Впрочем, я не вполне прав, говоря об отсутствии единомышленников. На протяжении всей моей работы, начиная со студенческих и аспирантских лет, я всегда отчетливо ощущал критического собеседника, с неизменным интересом следившего за моими изысканиями. В одних случаях этот мой alter ego мог представить свои вопросы, недоумения и возражения, в других — ничего не сказать, но тем не менее дать мне понять свою неудовлетворенность. Собеседник этот, а подчас и оппонент, критичный и порою даже ехидный, — моя жена Эсфирь. Как я уже упоминал, она была чрезвычайно честолюбива — не ради себя, а на мой счет, и моей первейшей заботой было заслужить ее одобрение. Ее уже нет, но равнение на ее нравственные суждения и научные оценки остается тем же, каким оно было на протяжении более полустолетия нашей совместной жизни.

Вот что обнаружилось на полях моей рукописи «История историка», которую она переписала за несколько лет до своей кончины. Эта запись сделана ее рукой 2 марта 1997 года, а в августе ее не стало:

«В этом огромном мире он был одинок. Читаешь мемуары Ле Гоффа — какое огромное культурное общение, со всего мира, большие ученые в разных областях, совместные статьи, обсуждение проблем. Здесь — никого. А. Я. мне сказал вчера (1 марта 1997 года), что я была единственным его собеседником и критиком!»

***

Так происходило раскрепощение нашей мысли, сделавшееся возможным после падения культа Сталина. Мы стремились раздвинуть пределы допускаемого, возможного, легализовать то, что раньше было подпольным, с одной стороны, а с другой — искали новые пути в эпистемологии, новые подходы к материалу исторических исследований. Все это в моем сознании, как и в сознании некоторых моих коллег, сближалось, сливалось и открывало новые просторы для исторических исследований.

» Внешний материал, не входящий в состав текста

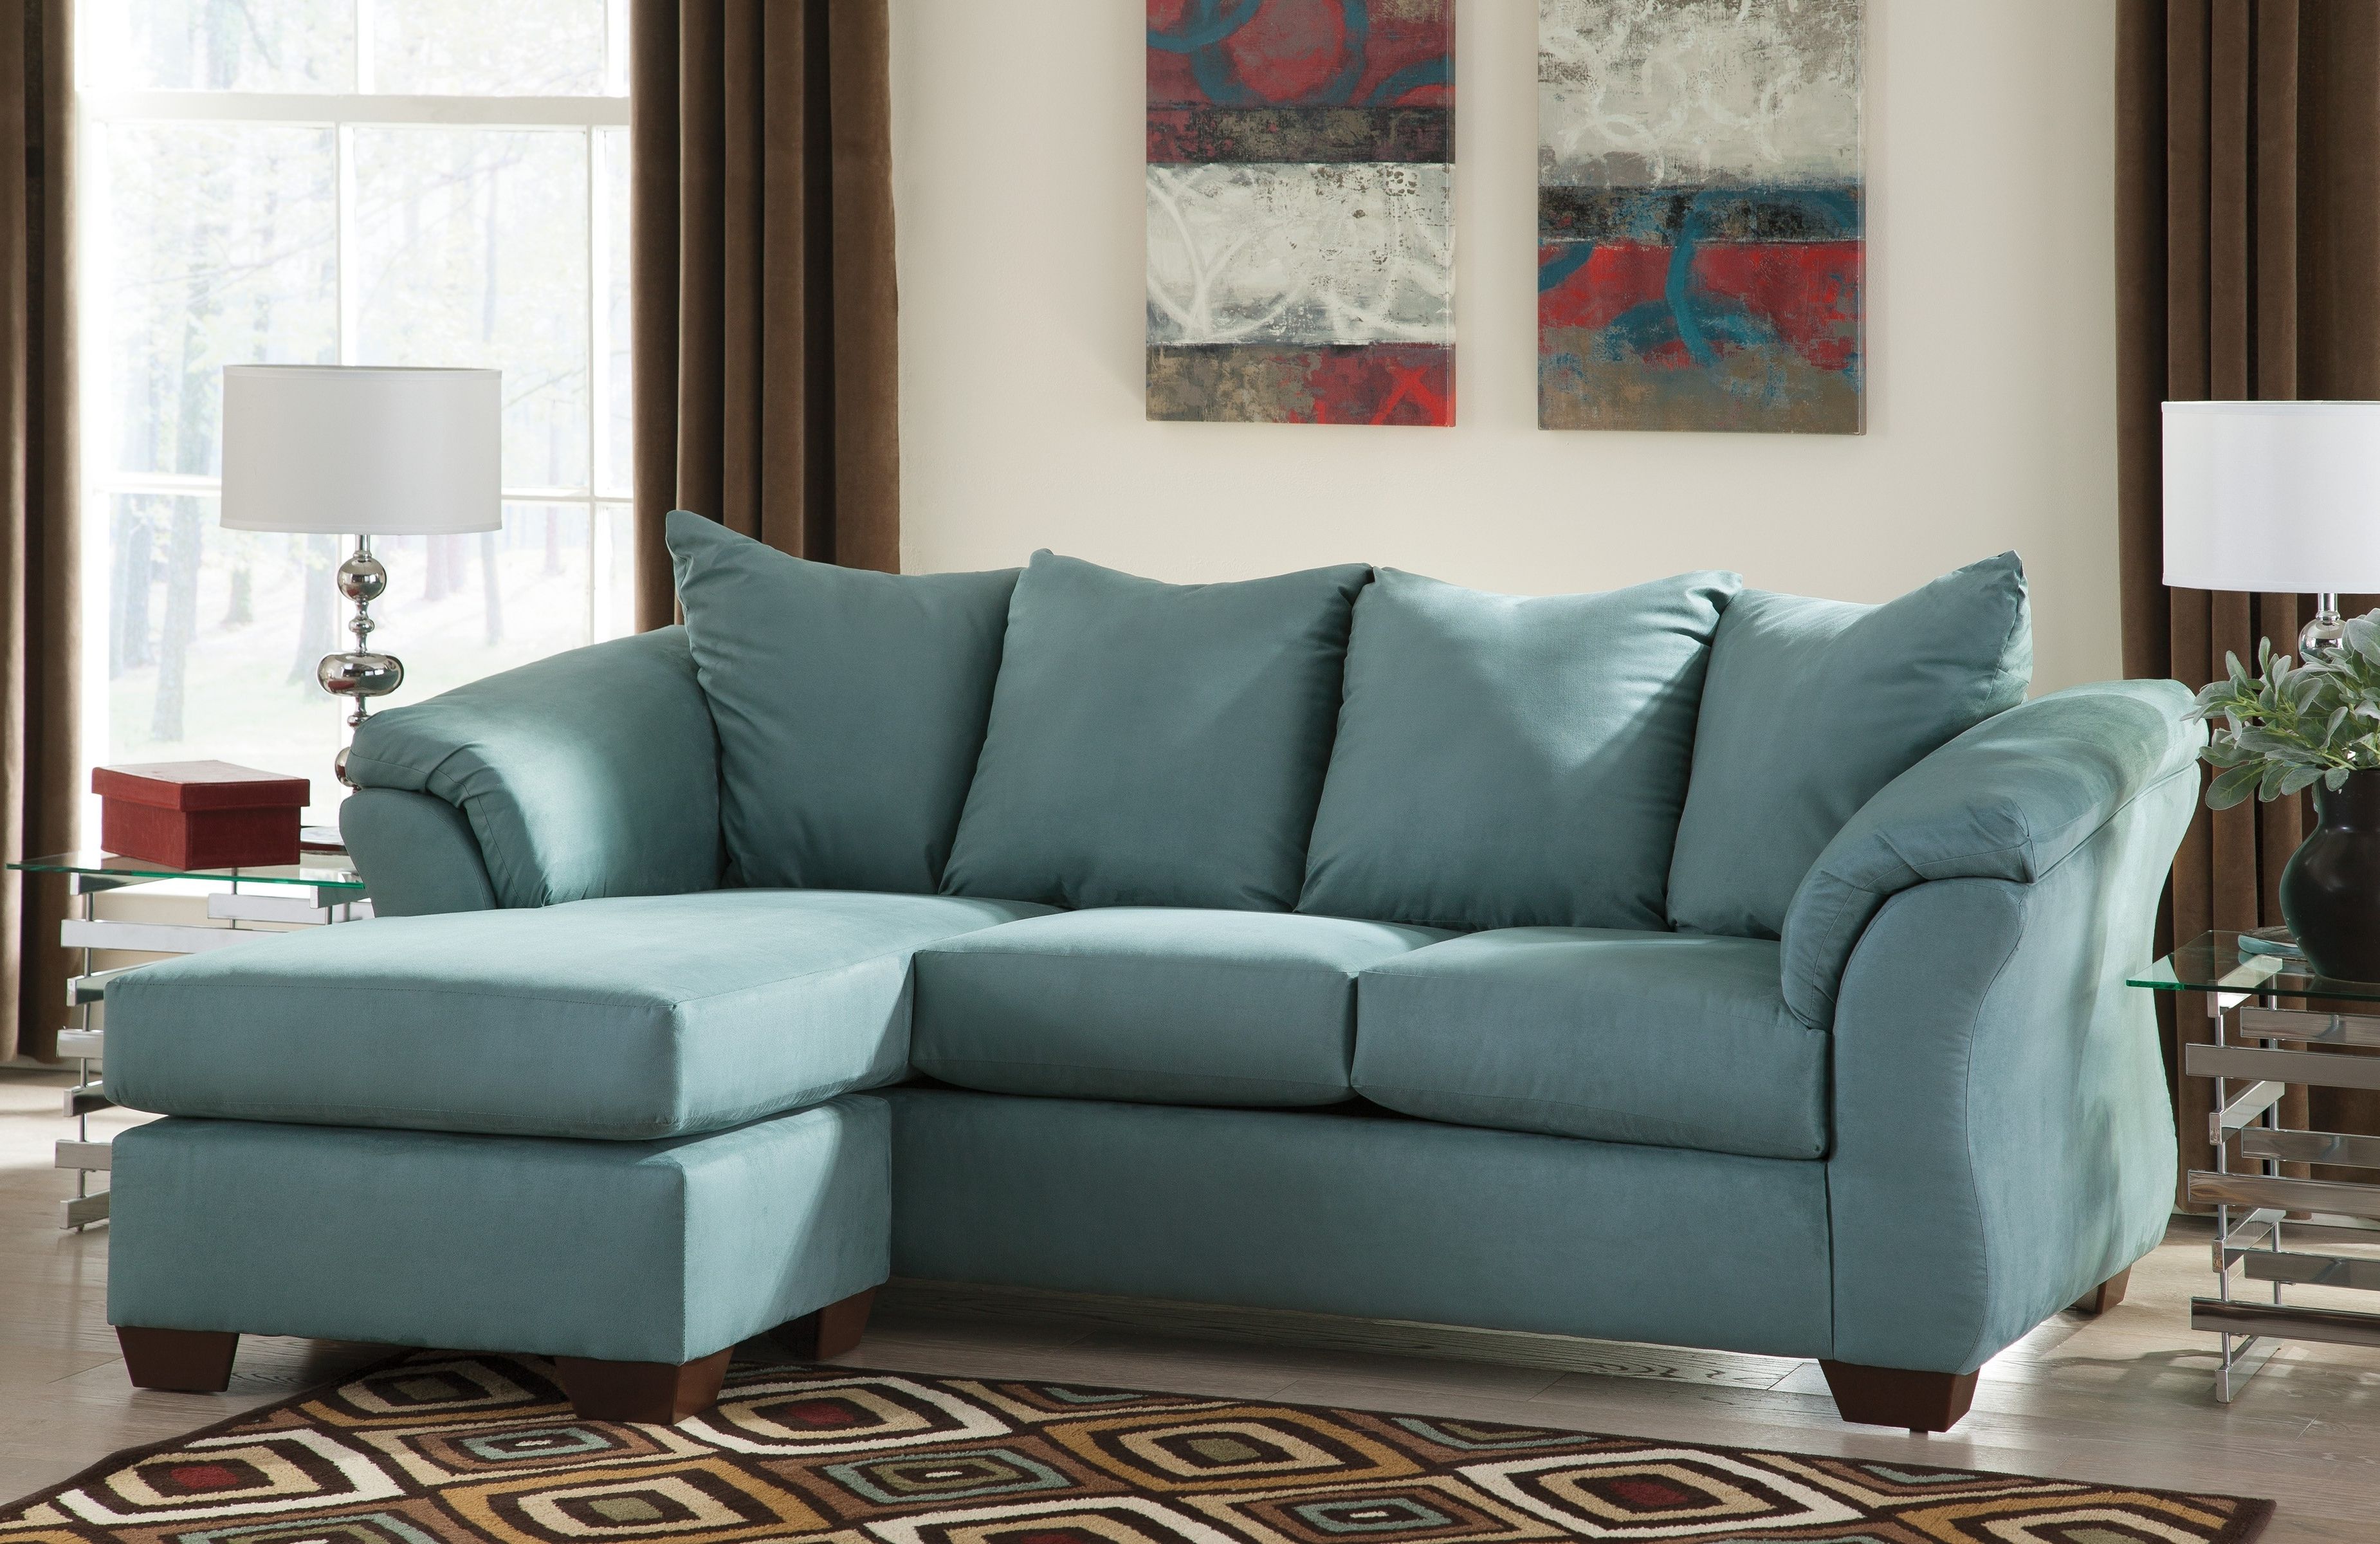 Preferred Ashley 7500618 Darcy Sky Blue Finish Fabric Upholstered Sofa Chaise Regarding Ashley Chaises (View 10 of 15)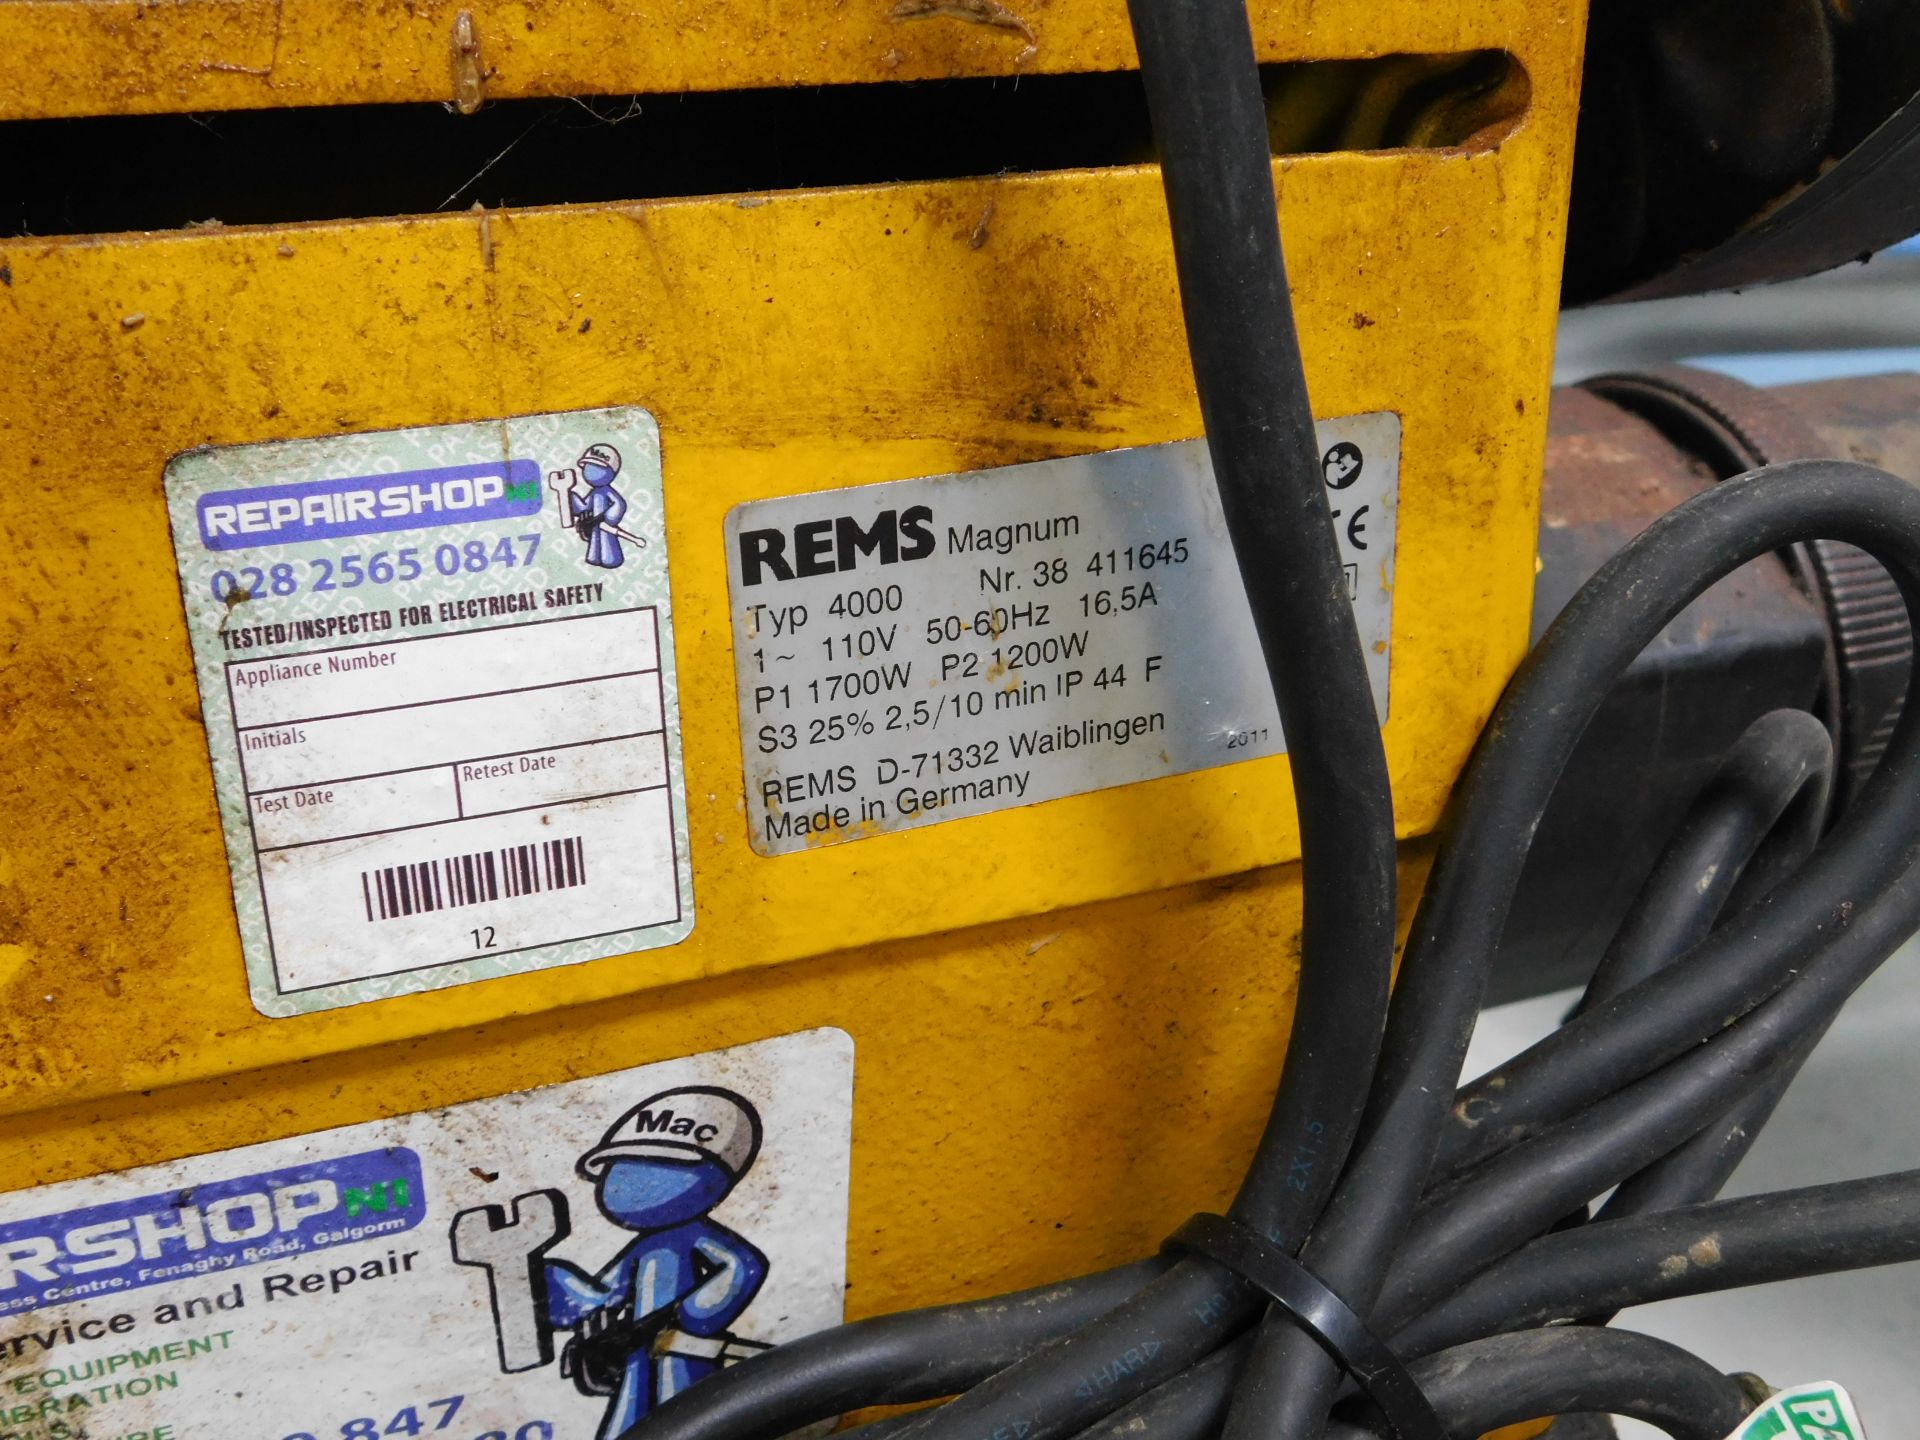 REMS Magnum Type 4000 Pipe Threader, Serial Number 38411645 on Wheeled Stand (Location: Brentwood. - Image 4 of 4

В какой мере преуспели мы в освоении этого нового поля возможностей? Можно ли утверждать, что историческое знание в нашей стране за последние тридцать — сорок лет пережило радикальное обновление? Сдвиги, и немаловажные, несомненны. Историки получили гораздо более широкий доступ к архивам, в большей мере, нежели прежде, знакомы с достижениями исторической и теоретической мысли как на Западе, так и в нашей стране. Резко расширились международные научные связи, и молодежь получила в этом отношении довольно широкие возможности, ее положение не сопоставимо с тем, в каком находились мы вплоть до самого недавнего времени. Разрабатываются такие проблемы, о каких сравнительно недавно мы и не помышляли. Короче говоря, историк обрел несравненно большую степень свободы творчества. Остается, однако, открытым вопрос о том, в какой мере способен он плодотворно воспользоваться этой свободой.

Я бесконечно далек от поползновения навязывать кому бы то ни было из коллег принципы историко — антропологического исследования, но убежден в том, что их надо знать, ибо рутина позитивистской историографии, боюсь, все еще исключительно сильна. Впрочем, традиции исторической науки XIX века сильны не только у нас. Несколько лет назад, беседуя в Париже с Ле Гоффом, я выразил надежду, что представляемое им и его единомышленниками научное направление восторжествовало на левом берегу Сены. Он отвечал мне, что я заблуждаюсь и в действительности все обстоит далеко не так.

Совсем недавно Ю. Л. Бессмертный поведал нам, что принципов и методов исторической антропологии во Франции придерживаются ныне, собственно, лишь два чудака — Жак Ле Гофф и Жан — Клод Шмитт, тогда как многие другие французские историки поглощены поисками совершенно иных подходов к истории. Оставлю это утверждение всецело на совести Бессмертного. Я убежден, что он не прав. Историческая антропология — это не какой‑то частный методический прием, которым историк может пользоваться от случая к случаю. Историческая антропология воплощает в себе новое виденье нашего предмета. В центре исторического исследования оказываются человек, изменяющийся с ходом времени, и человеческие группы, всякий раз на свой лад организованные присущей им культурой. Культура в ее социально — антропологическом понимании на протяжении нескольких десятилетий XX века выдвинулась — хотим мы этого или не хотим — в центр исторического сознания, и в этом коренном сдвиге заключается, на мой взгляд, смысл «коперниканского переворота», переживаемого нашей научной дисциплиной.